==== COLLECTED MATERIAL
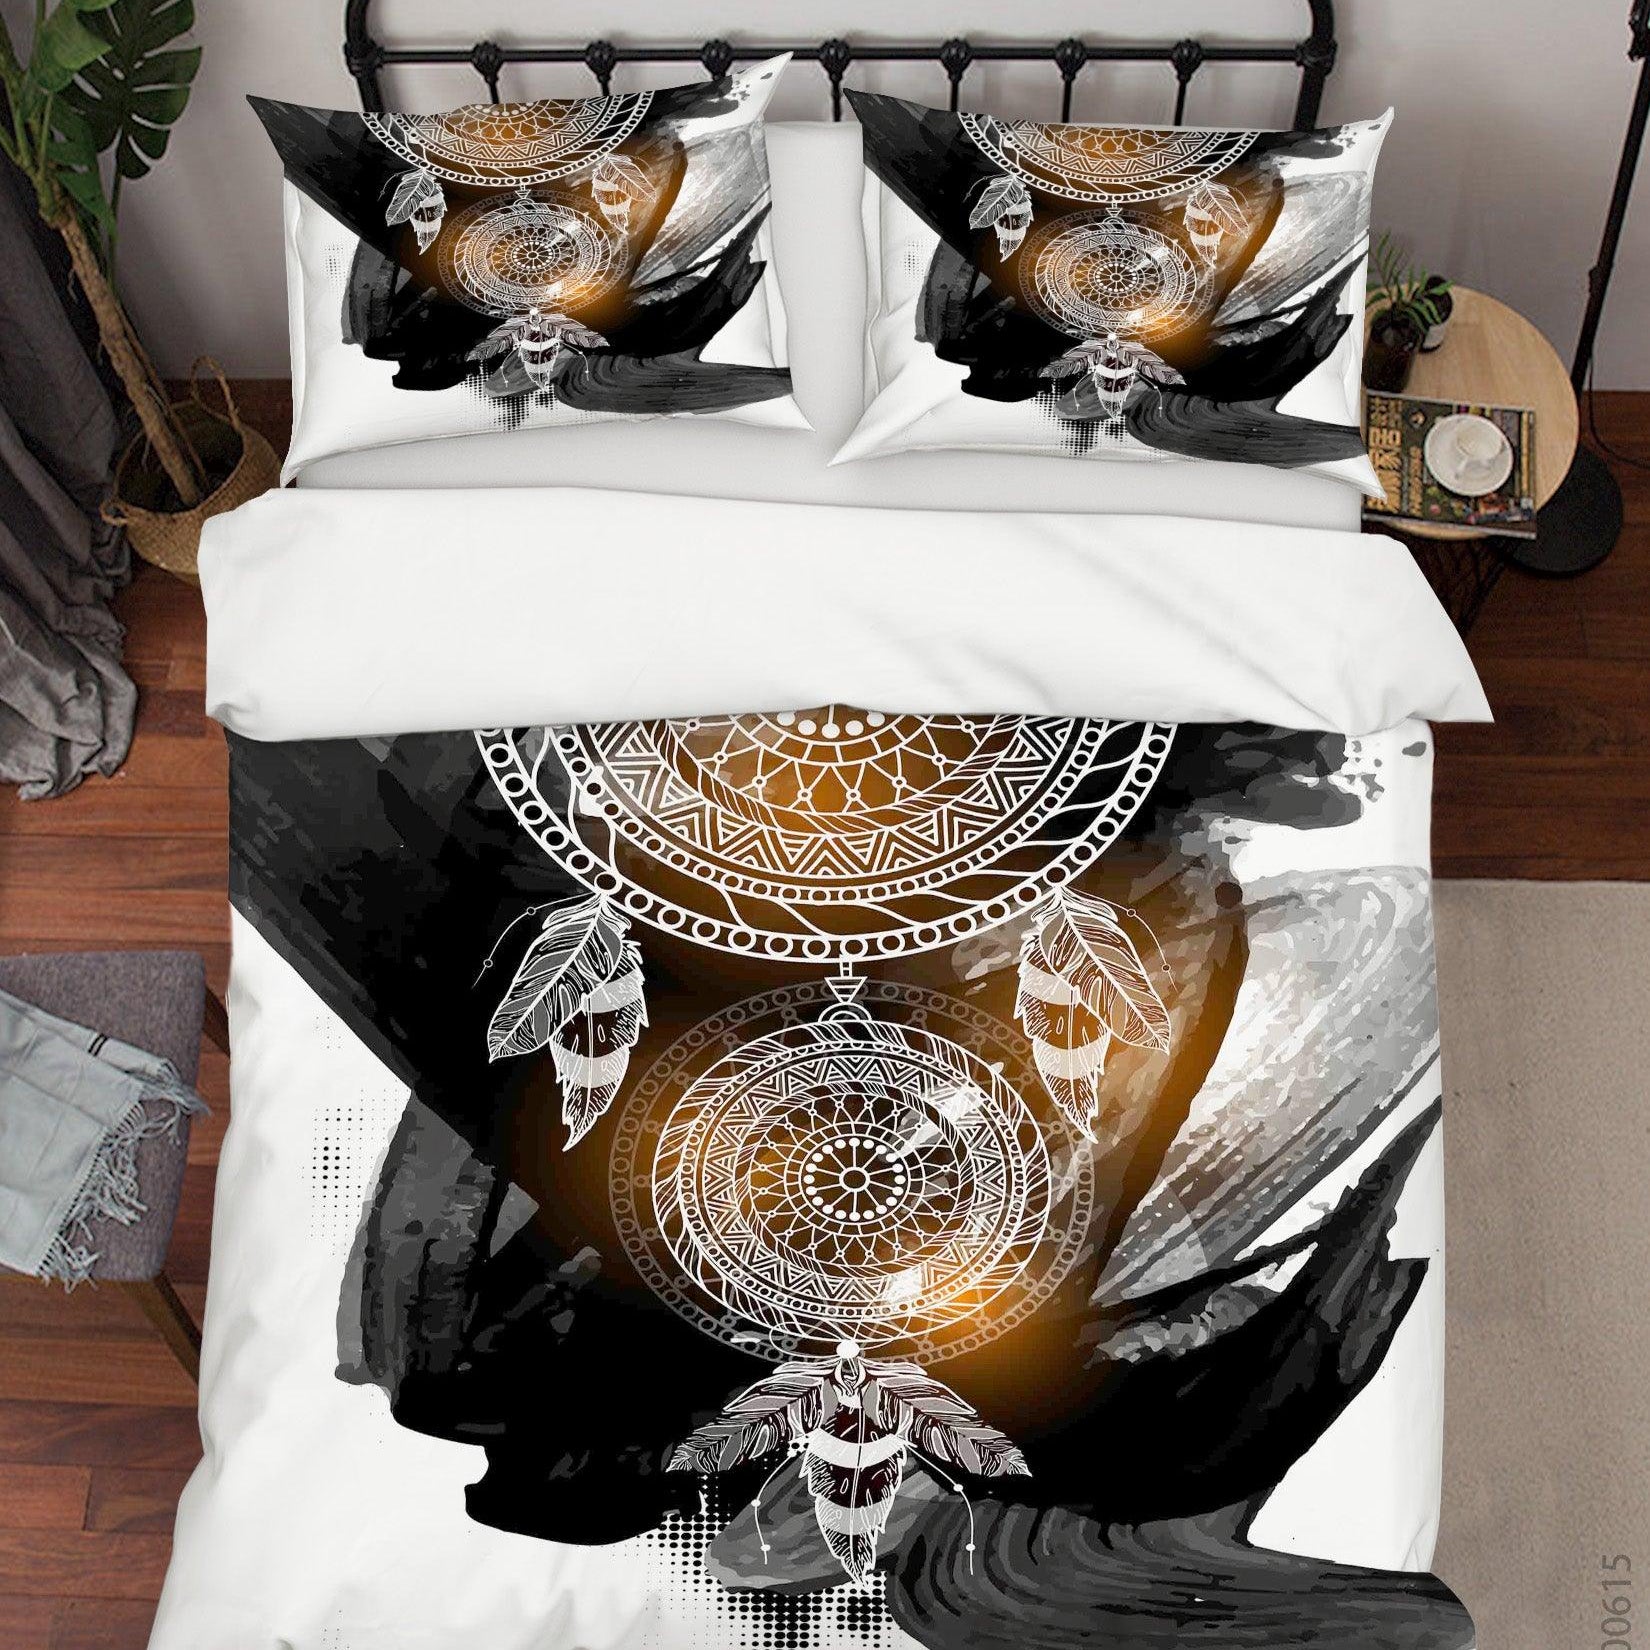 3D White Black Dreamcatcher Quilt Cover Set Bedding Set Duvet Cover Pillowcases SF- Jess Art Decoration
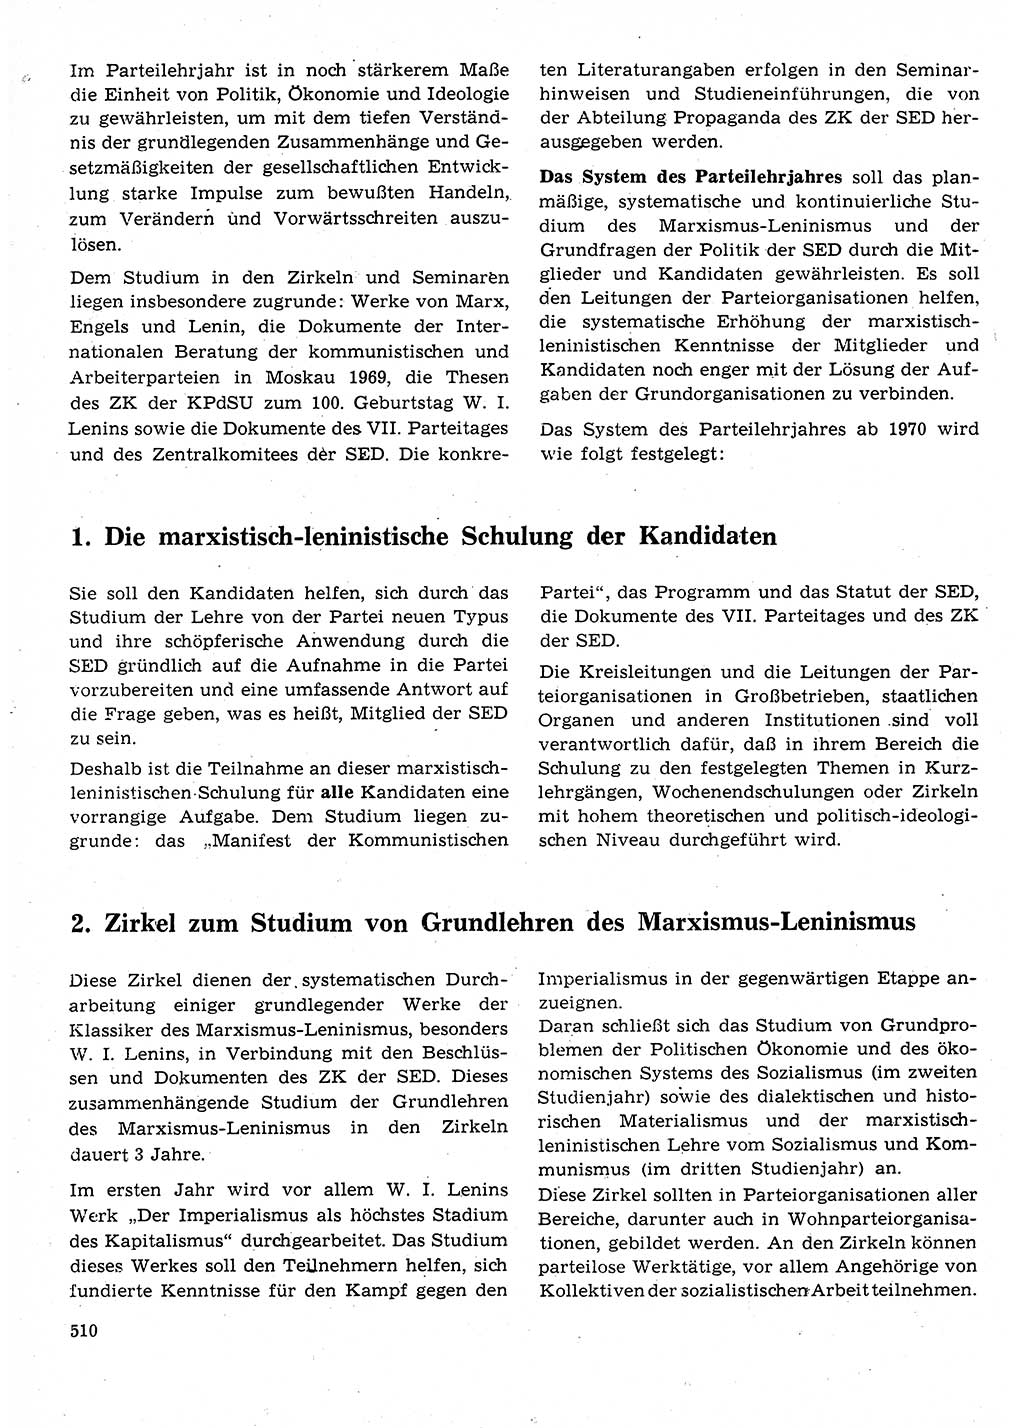 Neuer Weg (NW), Organ des Zentralkomitees (ZK) der SED (Sozialistische Einheitspartei Deutschlands) für Fragen des Parteilebens, 25. Jahrgang [Deutsche Demokratische Republik (DDR)] 1970, Seite 510 (NW ZK SED DDR 1970, S. 510)
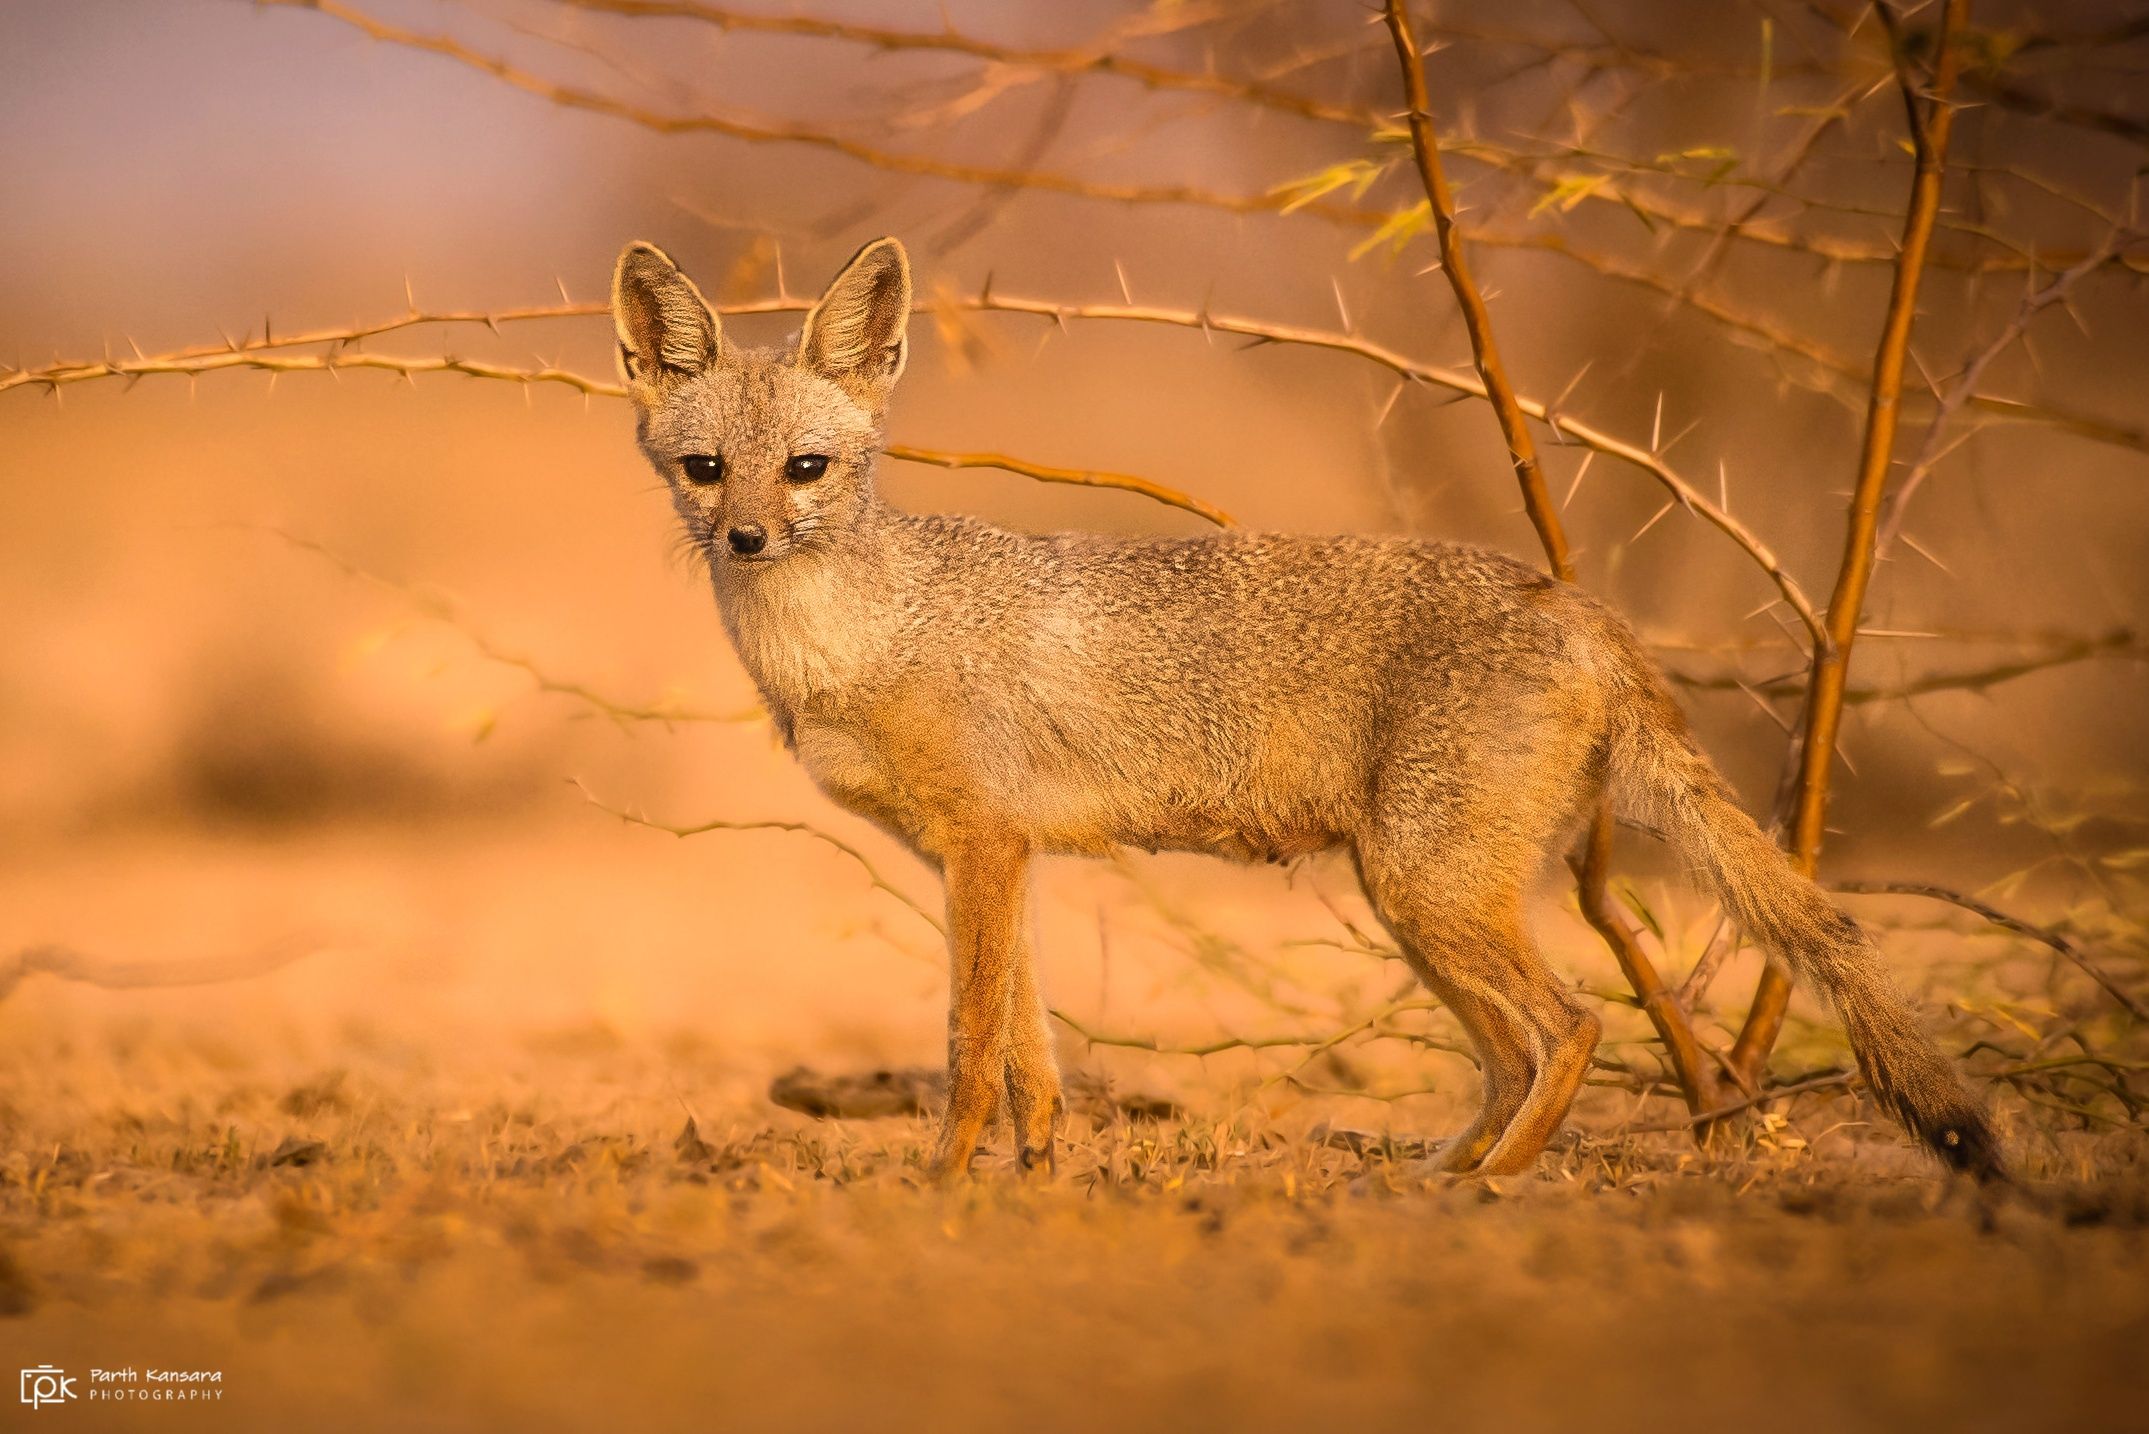 Indian Fox (Vulpes bengalensis). Photographer kansara parth
========
| EXERCISE BRIEF |
Set down all of the material word for word, minus its pictures.

| TASK SOLUTION |
 3D White Black Dreamcatcher Quilt Cover Set Bedding Set Duvet Cover Pillowcases SF- Jess Art Decoration
 Neuer Weg (NW), Organ des Zentralkomitees (ZK) der SED (Sozialistische Einheitspartei Deutschlands) für Fragen des Parteilebens, 25. Jahrgang [Deutsche Demokratische Republik (DDR)] 1970, Seite 510 (NW ZK SED DDR 1970, S. 510)
 Indian Fox (Vulpes bengalensis). Photographer kansara parth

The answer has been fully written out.